Major General Muhammadu Buhari (rtd), for that is his title, and he was indeed a Major General, but today retired from that position and now twice democratically elected president of Nigeria – is not the choice of Punch Newspaper’s editors and owners, that is clear.
He is, however, the two-time electoral choice of the voters of Nigeria, those very people who Punch Newspapers described this morning as “lethargic”: a disdaining epithet apportioned to decent, hard-working, everyday Nigerians for not agreeing with, and for not having voted in line with their publication’s editorial and political opinions.
Punch’s editorial today is, however, entirely in line with holding and exercising the right of free speech and freedom of the press, as my friend and colleague, Femi Adesina said earlier today.
Femi, Special Adviser, Media and Publicity said the fact the Punch can insult the President in a front page editorial and they go home to sleep, peacefully, is the best testimony to the prevalence of the freedom of the press and of expression in the country.
To quote him, “rather than being pejorative, addressing President Buhari by his military rank is another testimony to free speech and freedom of the press, which this administration (or regime, if anyone prefers: it is a matter of semantics) has pledged to uphold and preserve.”

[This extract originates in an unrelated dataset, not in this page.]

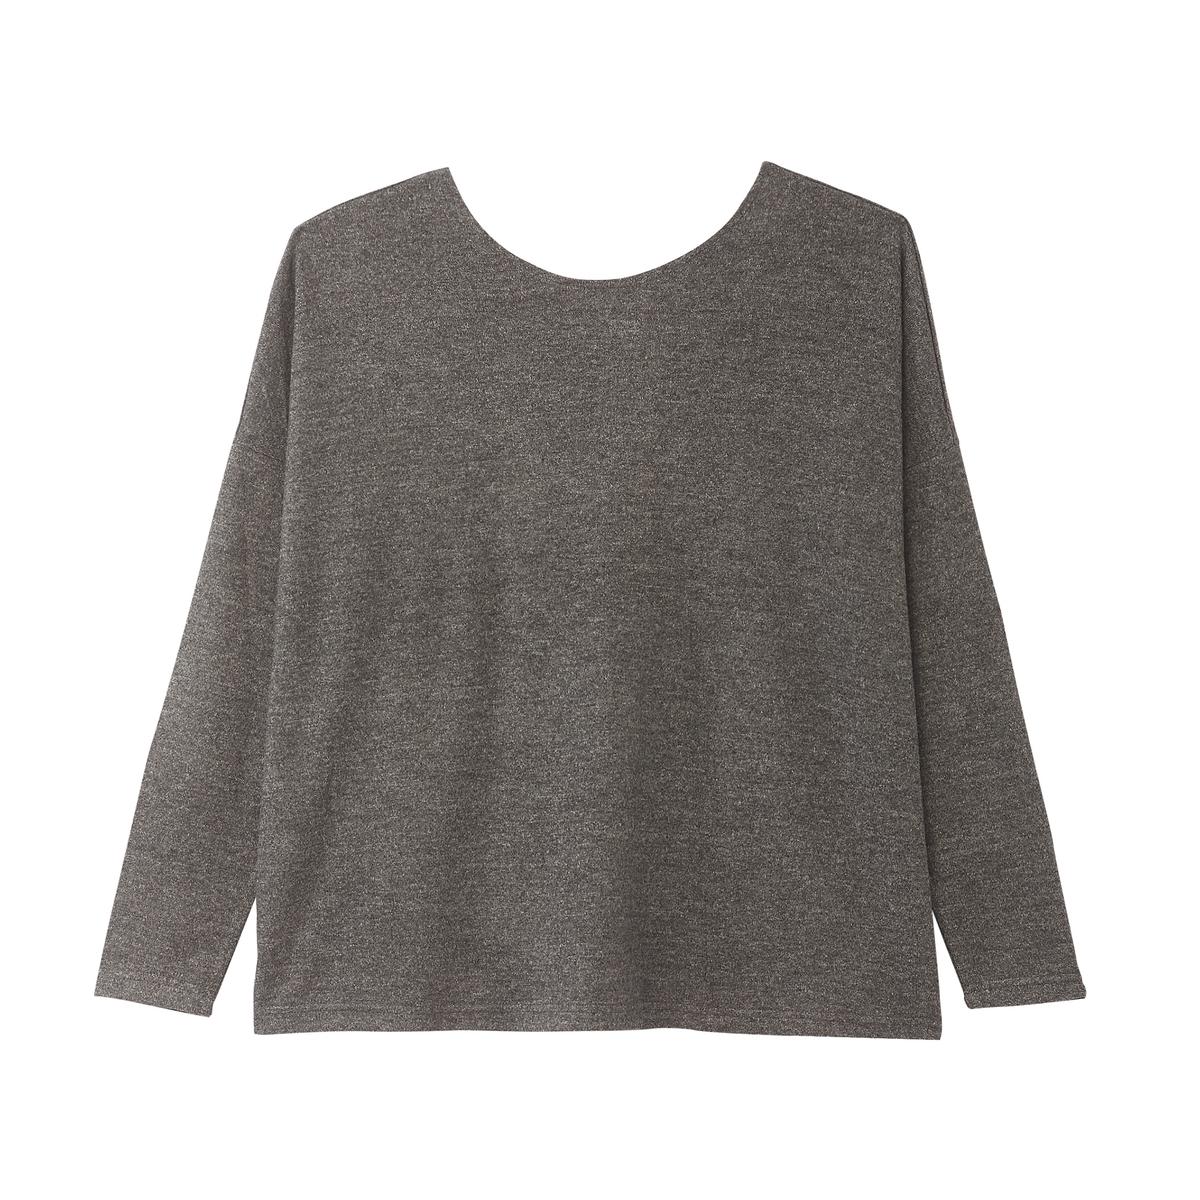 Пуловер La Redoute С круглым вырезом из тонкого трикотажа перекрещенная спинка M серый пуловер la redoute с круглым вырезом из тонкого трикотажа m красный

In countries around the world where this right does not exist, newspapers do not publish articles such as the one Punch did today; nor do they get to express political opinions contrary to that of government. The exact freedoms Punch claims are missing are self-evident here – in print, on the internet – for all Nigerians and the whole world to see.
There is nothing wrong with expressing contrary opinions to this government – nor being in opposition to the president: this is the right of very Nigerian.

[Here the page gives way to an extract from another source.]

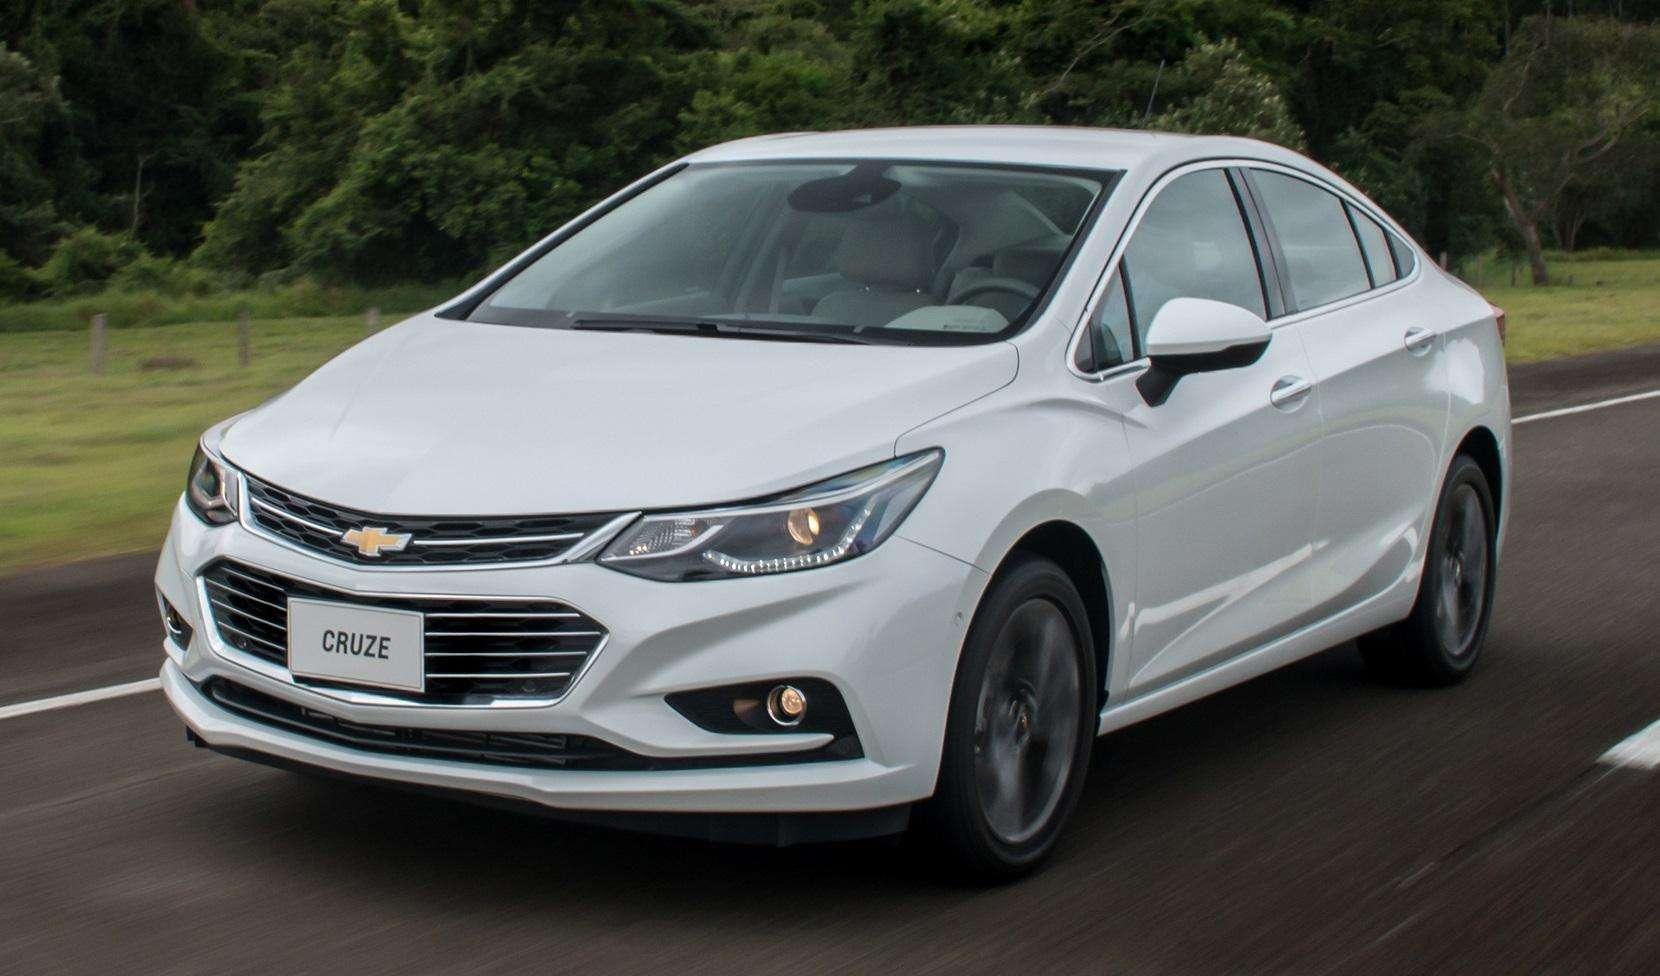 Confira vídeos com inovações tecnológicas do novo Chevrolet Cruze

However, calling for the armed overthrow of the democratically elected administration is a different matter entirely: this Punch has in no way done – but others who they seek to defend, have.
There is the difference. Punch: oppose the government as much as you want to.

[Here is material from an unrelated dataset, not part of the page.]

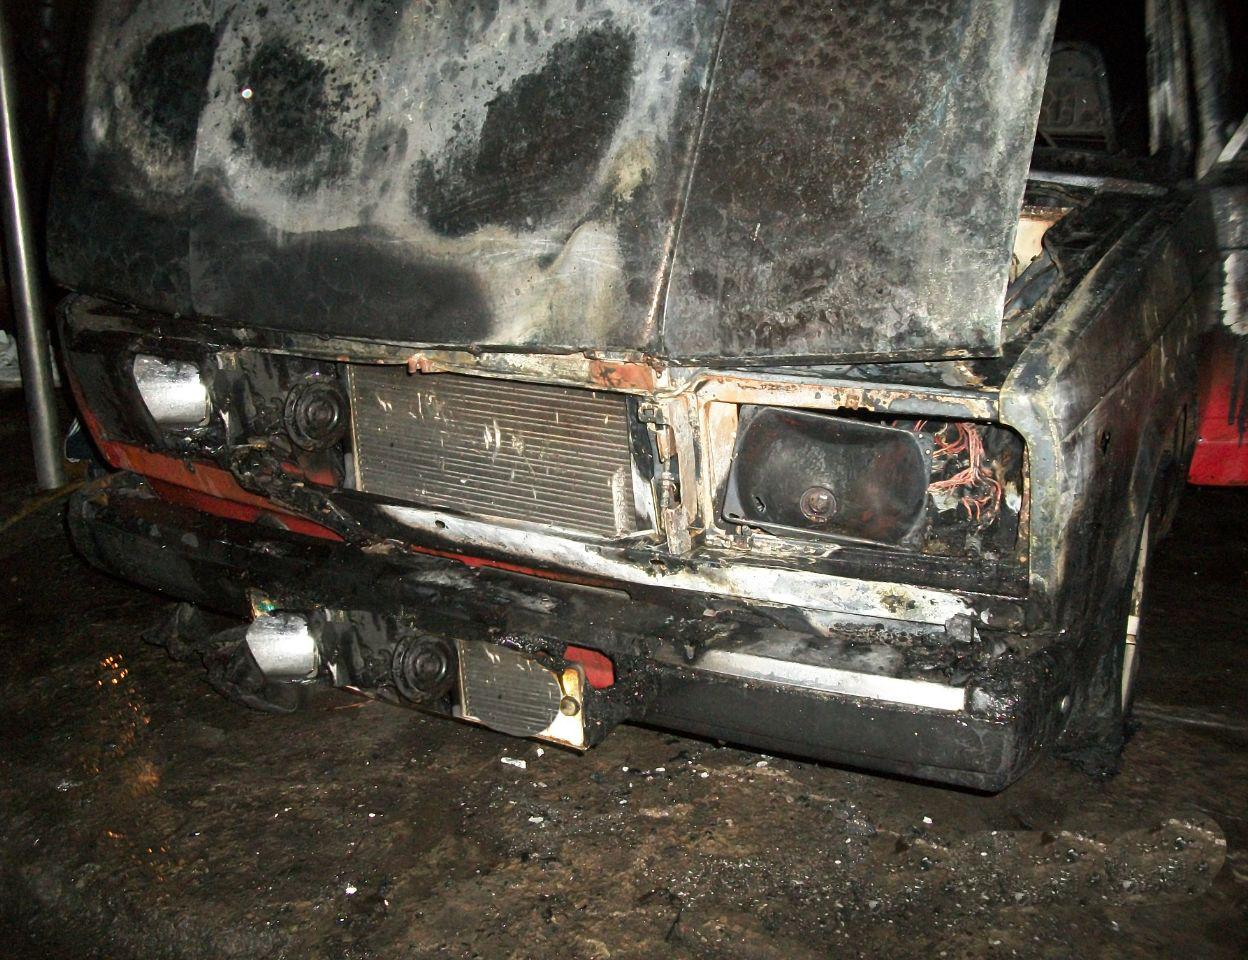 Пожар произошел в селе Вертеп на улице Коцюбинской.

We welcome your contribution to the debate. But we ask you not to throw insults at the good voters of Nigeria for not agreeing to your choice at the last election.
Oppose in good humour: for that is the mark of the true democrat – that which you purport to be.
It is not within the power or rights of a newspaper to unilaterally and whimsically change the formal official title or the designation of the country’s President as it pleases.
It is unprecedented and absurd in our recent political history. The Punch never changed President Olusegun Obasanjo’s title from the President to General Obasanjo, despite the latter’s refusal to comply with Supreme Court judgment, ordering him to release N30 billion of Lagos State local councils funds.
When General Ibrahim Babangida who wasn’t democratically elected assumed the title of President, why didn’t the Punch challenge him or address him by any title it so desired?
In fact, IBB closed media houses for several months and years, including Punch.
But the paper didn’t stop addressing him as President, despite the fact that he wasn’t elected.
It is obvious that the Punch newspapers are playing partisan opposition politics which has nothing to do with journalism.
The Constitution of Nigeria recognises the President as the formal official title of the occupant of that office. Can the Punch newspapers, in their hubris address the President as Prime Minister as it pleases?
Is it within the paper’s responsibility or power to change the official title of the man who occupies the office of the President? Does that mean any newspaper is free to address the Comptroller General of Customs a Colonel rather than his official title?
The Punch newspaper should separate journalism from partisan politics. What it is embarking upon is purely political and it is designed to play to the gallery and cause confusion.
Punch Newspaper’s double standards in cuddling some of our past dictators and their open contempt for President Buhari clearly show that the paper has sinister motives for its current curious editorial judgment. Its personal hatred for and animus towards President Buhari should not be allowed to becloud its good judgment.